Assignment:
Only the lines from the start of the data through the line containing "Luglio 2020. Londra." should be written out, exactly as they are, with both ends included and the pictures left out.

::: Exercise data

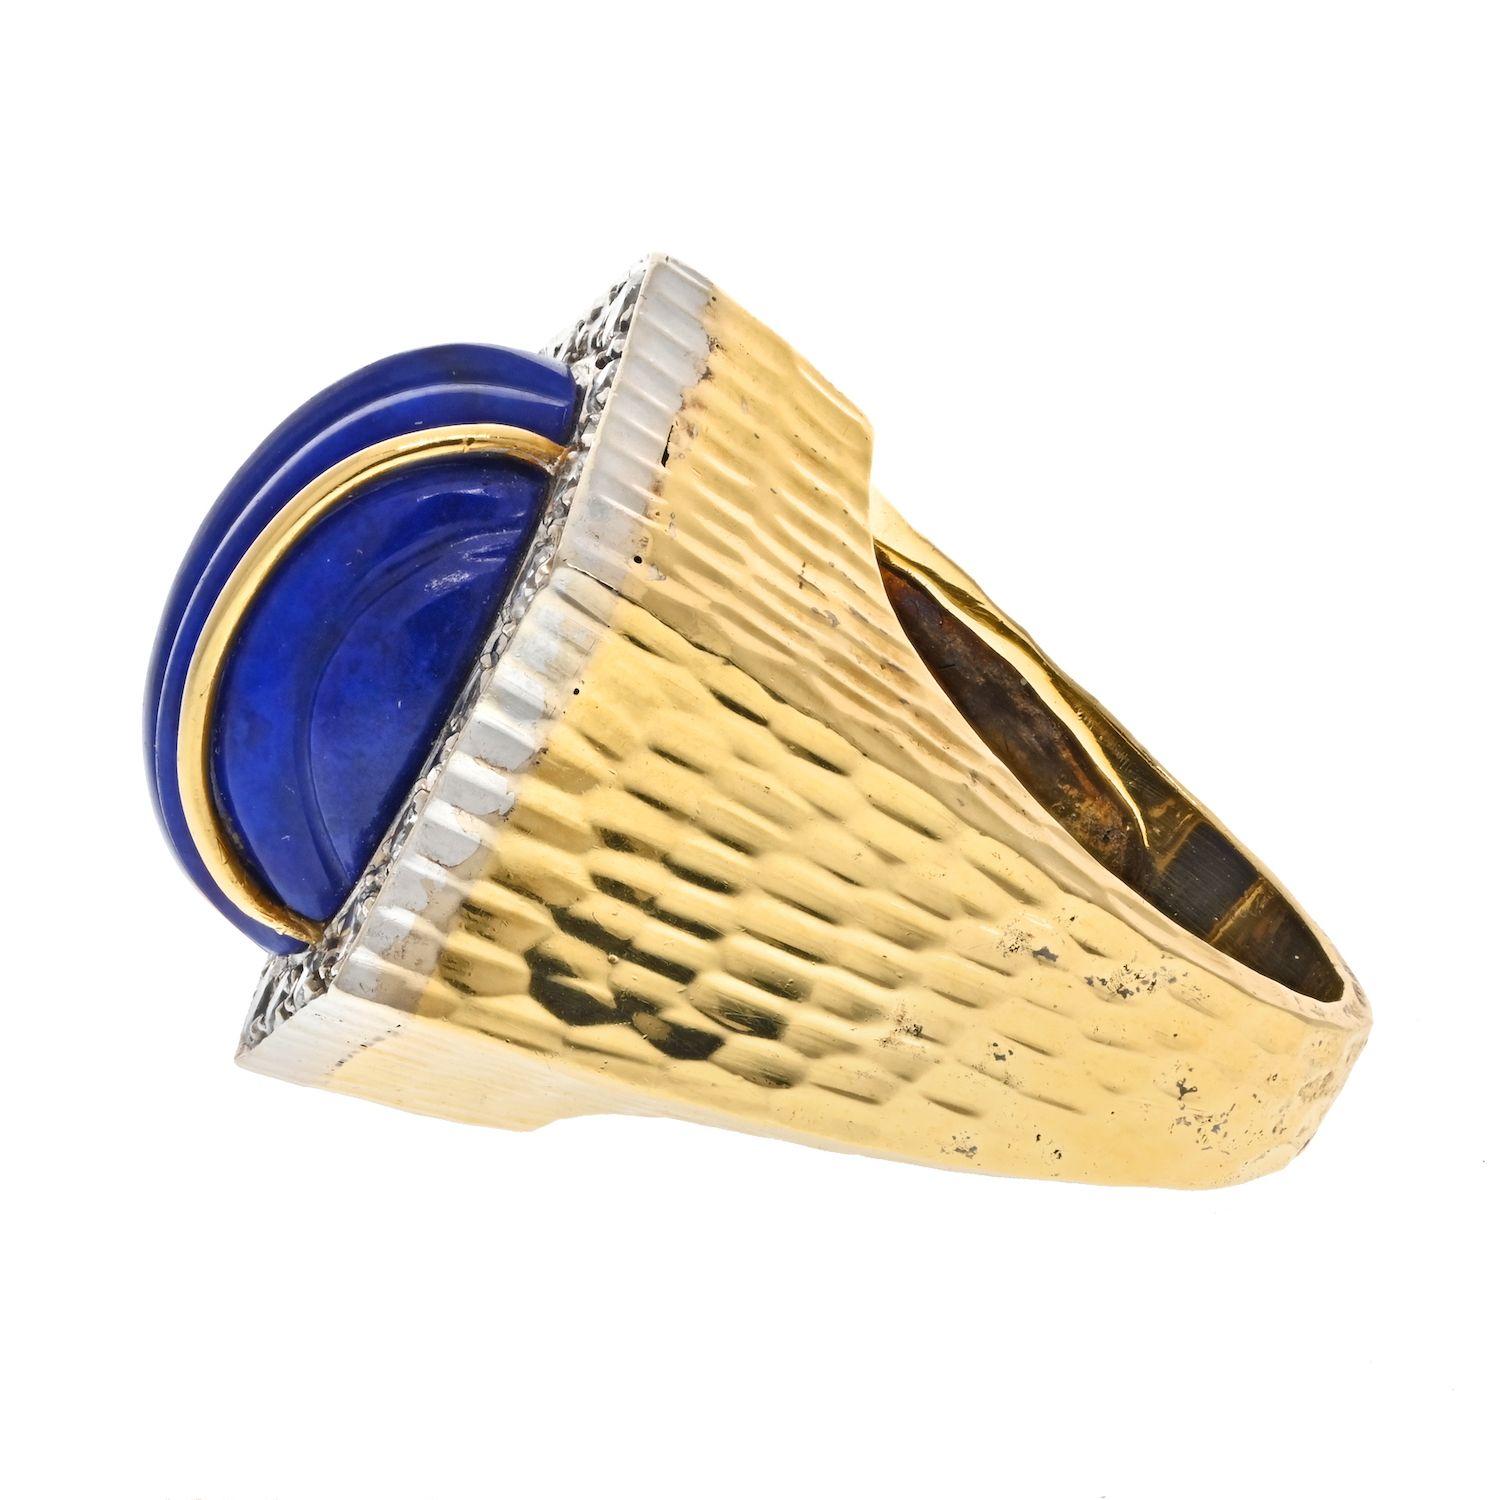 Der Ring aus Gelbgold mit Lapislazuli und Diamanten von David Webb ist ein wunderschönes und einzigartiges Schmuckstück. Lapislazuli ist ein Halbedelstein, der seit der Antike wegen seiner intensiven blauen Farbe geschätzt wird. Der
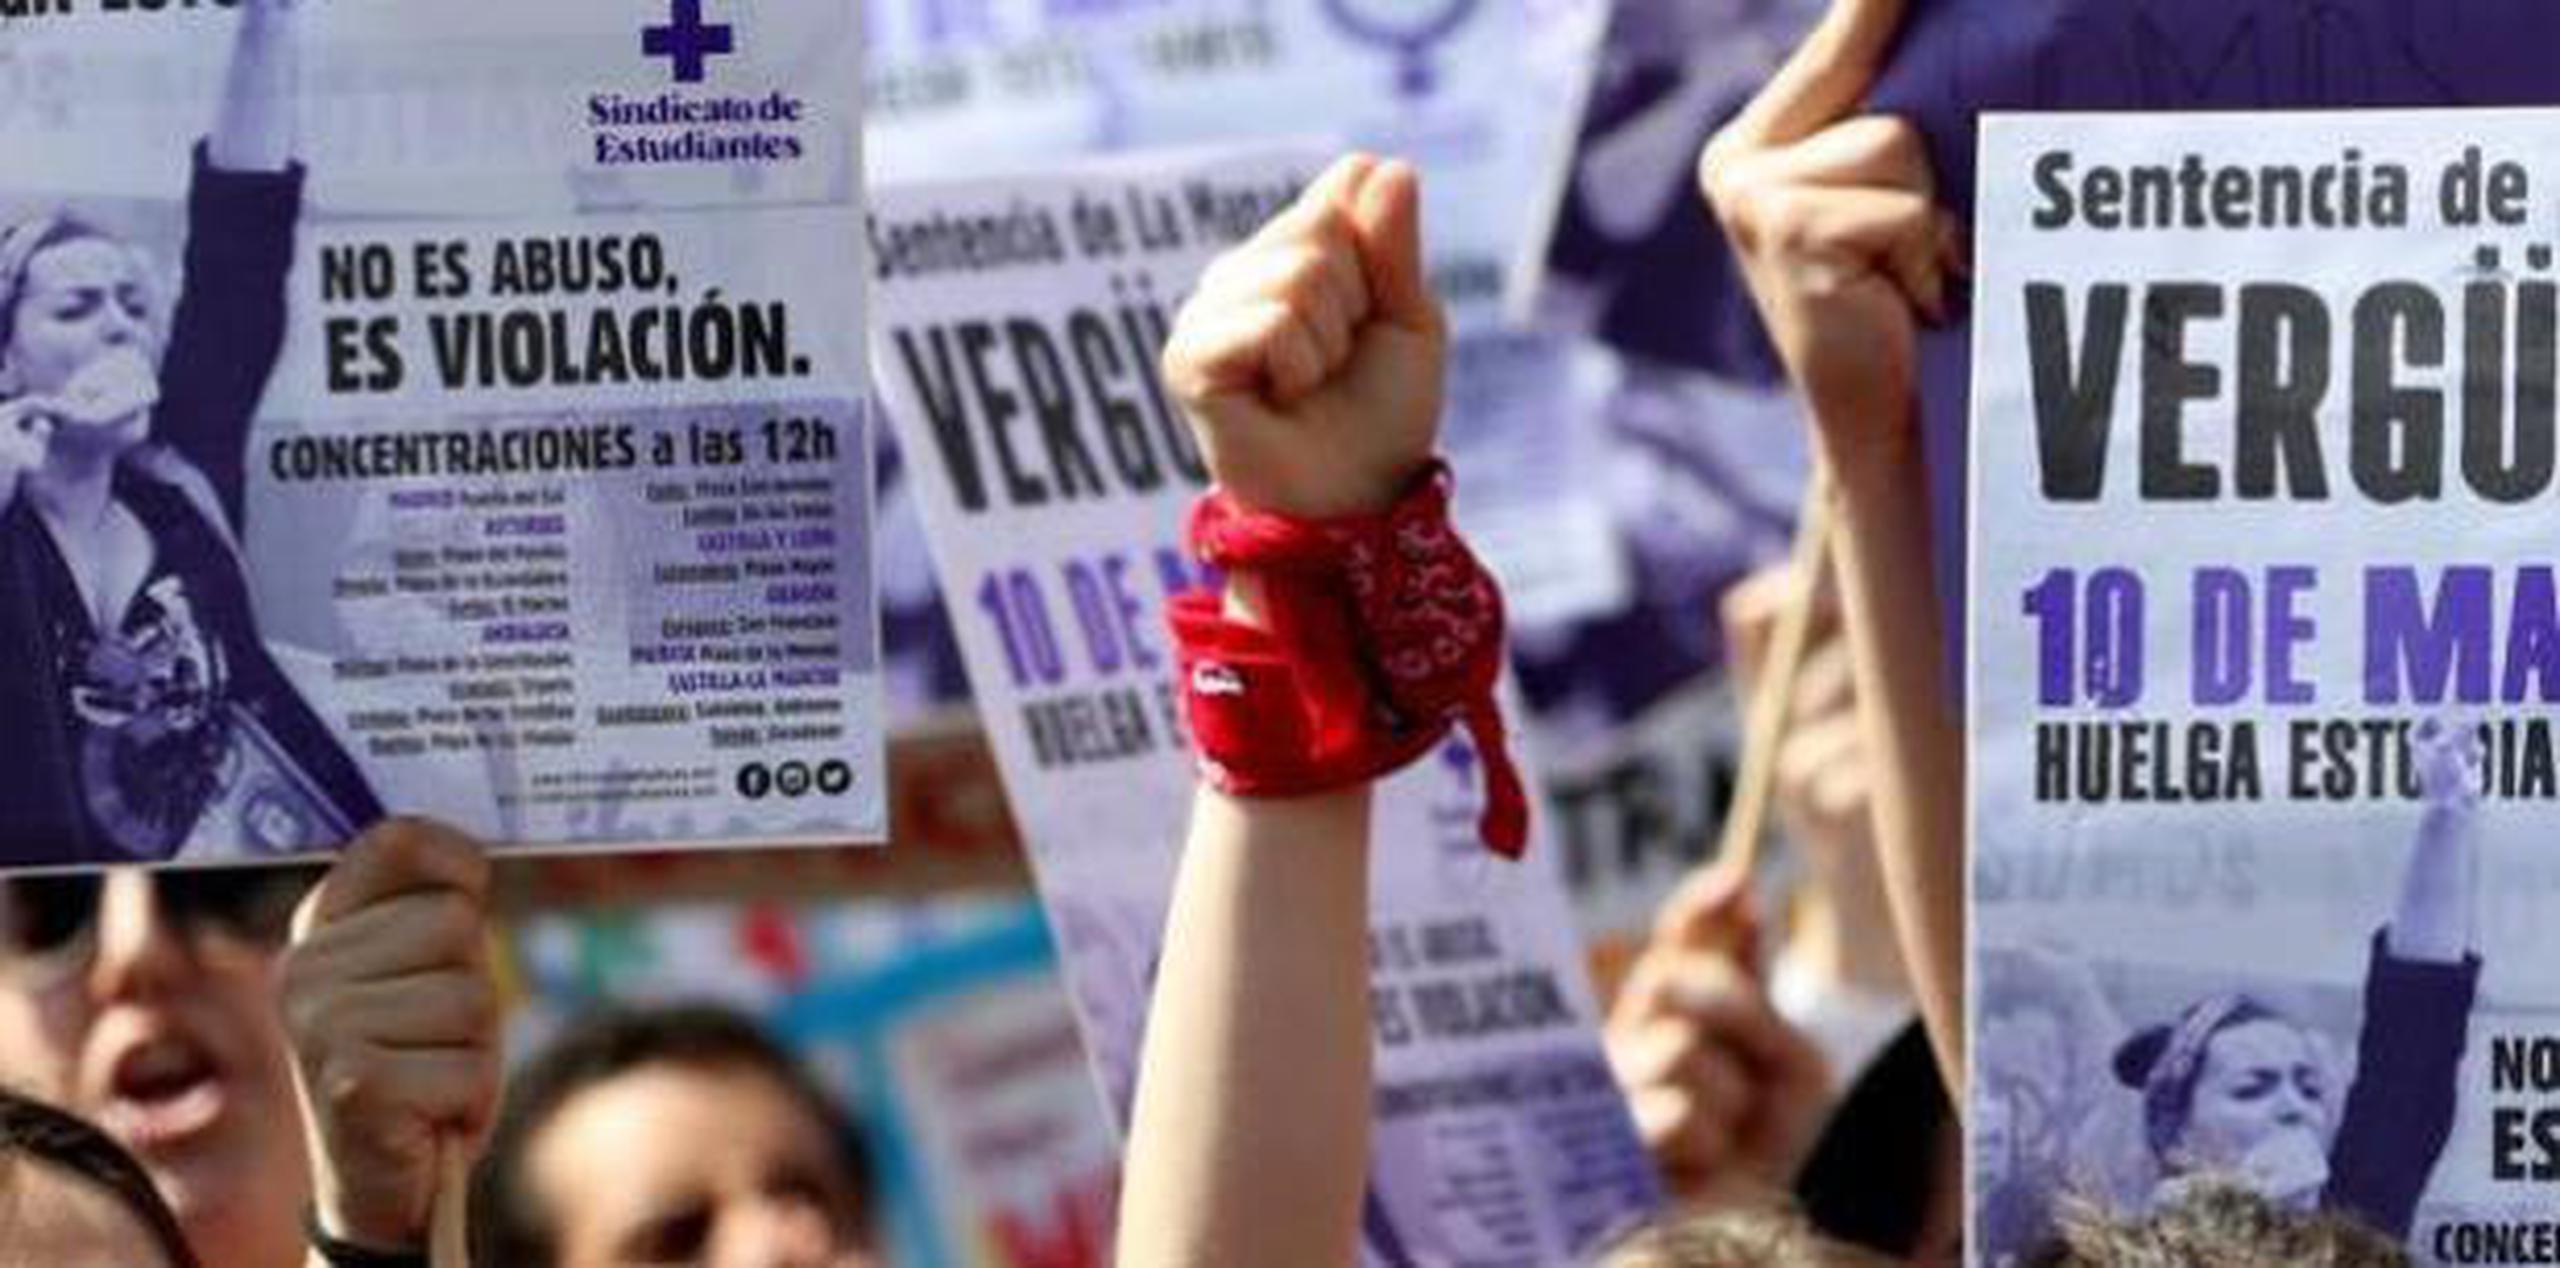 La sentencia provocó protestas de defensoras de los derechos de las mujeres en varias ciudades de España, al considerar que el fallo judicial era indulgente. (EFE)
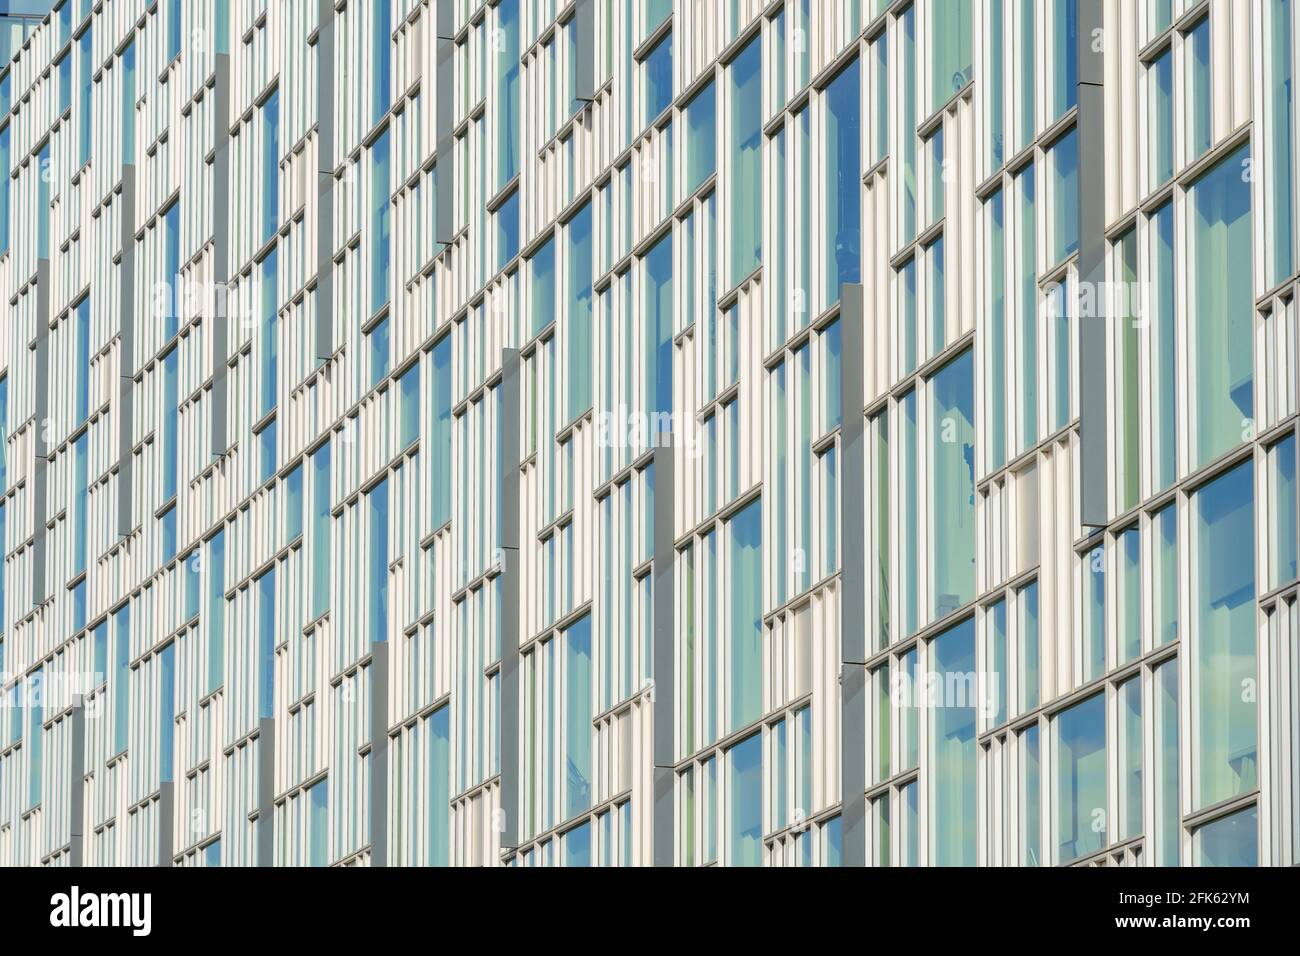 Luglio 2020. Londra. finestre e dettagli architettonici nella penisola di Greenwich, Londra, Inghilterra Foto Stock
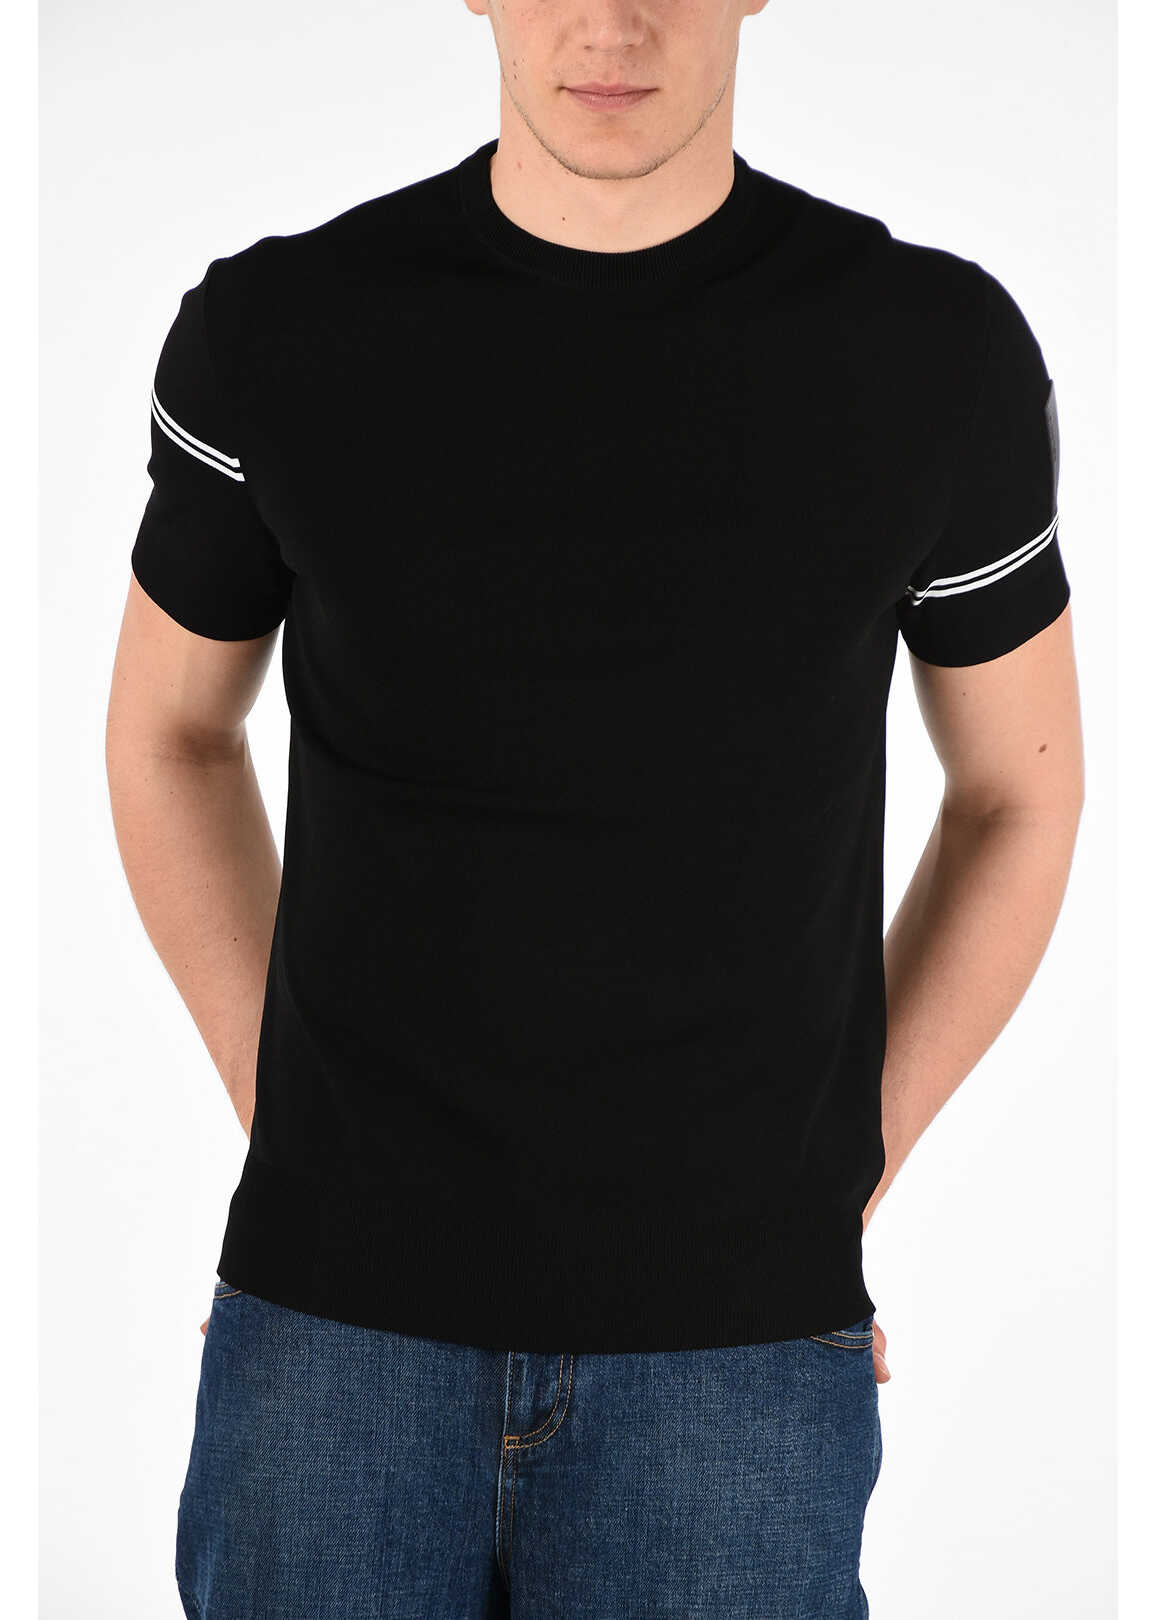 Neil Barrett Short Sleeve OFF-CENTERED STRIPE Slim Fit Sweater BLACK

::::::

Exercise result:
 Der Ring aus Gelbgold mit Lapislazuli und Diamanten von David Webb ist ein wunderschönes und einzigartiges Schmuckstück. Lapislazuli ist ein Halbedelstein, der seit der Antike wegen seiner intensiven blauen Farbe geschätzt wird. Der
 La sentencia provocó protestas de defensoras de los derechos de las mujeres en varias ciudades de España, al considerar que el fallo judicial era indulgente. (EFE)
 Luglio 2020. Londra. finestre e dettagli architettonici nella penisola di Greenwich, Londra, Inghilterra Foto Stock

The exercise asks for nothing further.